Friday, March 23. 2007 at 06:05 (Reply)
I would like to test the script. Where's the link?
Friday, March 23. 2007 at 10:31 (Link) (Reply)
Thanks for pointing out how difficult that link was to see, I knew it was there and had a difficult time finding it.
Thanks,
Tom
Sunday, May 20. 2007 at 12:27 (Reply)
Could you put the original document you used on RHEL3 also online?
Monday, May 21. 2007 at 14:59 (Reply)
Later,
Tom
Monday, May 21. 2007 at 20:26 (Link) (Reply)
Have you started to look at the changes needed for Red Hat 5 (CentOS 5)? The mkinitrd script has had major changes.
If possible, we would like to jump to version 5 sooner than later.
Thanks for all you hard work on this project. We really appreciate your sharing this information with us.
Monday, May 21. 2007 at 22:47 (Reply)
It was widely reported/rumored that RHEL5 was going to support this functionality by default but even if not I expect that the changes would be minimal. I have booted Fedora Core 6 from the SAN with multipath and RHEL5 is a pretty close cousin to FC6.
Hopefully I'll have time in the next few weeks, but if you beat me to it be sure to post your results.
Later,
Tom
Tuesday, May 22. 2007 at 08:35 (Link) (Reply)
Friday, July 27. 2007 at 16:35 (Reply)
I'm trying to get DM to work with my Hitachi USP600, were using the IBM HS21 and booting from the SAN. I've followed all of your instructions for implementing the multipath for root, but can't seem to get DM to create the /dev/mapper/mpath0p1.
I've got two LUN's assigned to the server and the second is recognized and created /dev/mapper/mpath1p1(non root). The driver is loading on boot as directed from the new kernel img. Any trouble shooting tips you could provide?
Thanks,
Edward Moscardini
Friday, July 27. 2007 at 23:00 (Link) (Reply)
You've hit the trickest part of the conversion, and your right, you cannot create the mpath device when it's already booted.
You need to edit the multipath.conf file and give it an alias for the root LUN as my example shows.
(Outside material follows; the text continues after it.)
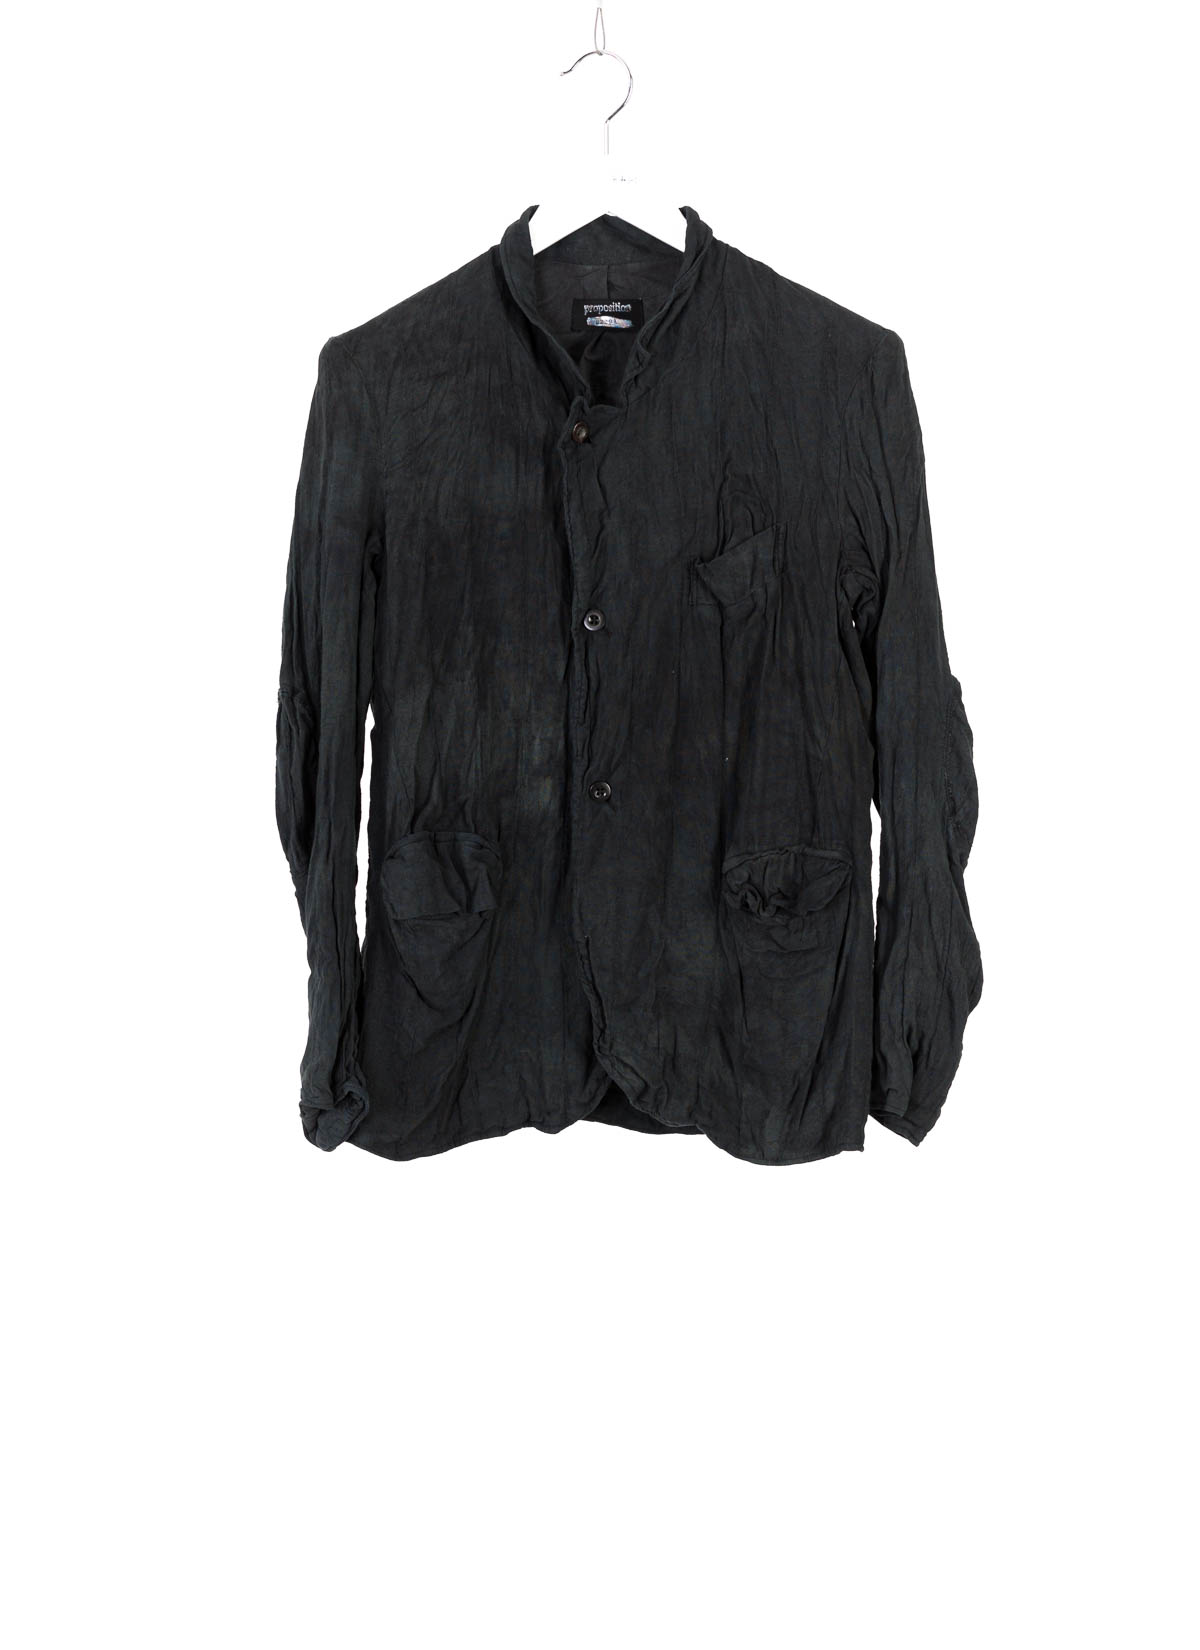 hide-m | CLOTHING Jacket, black hand dyed blazer

Then you need to rebuild your initrd and modify your grub.conf to attempt to mount the multipathd volume.
If you can't get it to work you can email me your multipath.conf and grub.conf and I can see if anything looks obviously wrong.
Unfortunately I'm out of town for the next 10 days or say with only limited connectivity so my response might be slow.
Good luck.
Later,
Tom
Thursday, September 13. 2007 at 06:38 (Reply)
But after reboot ... dont reboot it's search / SWAP ....all my partitions ....
So after install RHEL 5 with the command :lunix mpath, where I can modify the policy of mpath ?
THANKS
Saturday, September 22. 2007 at 17:25 (Reply)
Once again, RHEL5 is, IMO, not ready for primetime with regards to multipath on root. The current t support is very crude and prone to failure.
Later,
Tom
Monday, December 17. 2007 at 05:34 (Link) (Reply)
We're runnig a few HP blade servers booting from SAN (HP EVA 8000) with 5.1, but before making it mainstream prodcution I would like to have your opinion with regards to your primetime statement.
Cheers,
Andre
Monday, December 17. 2007 at 13:07 (Reply)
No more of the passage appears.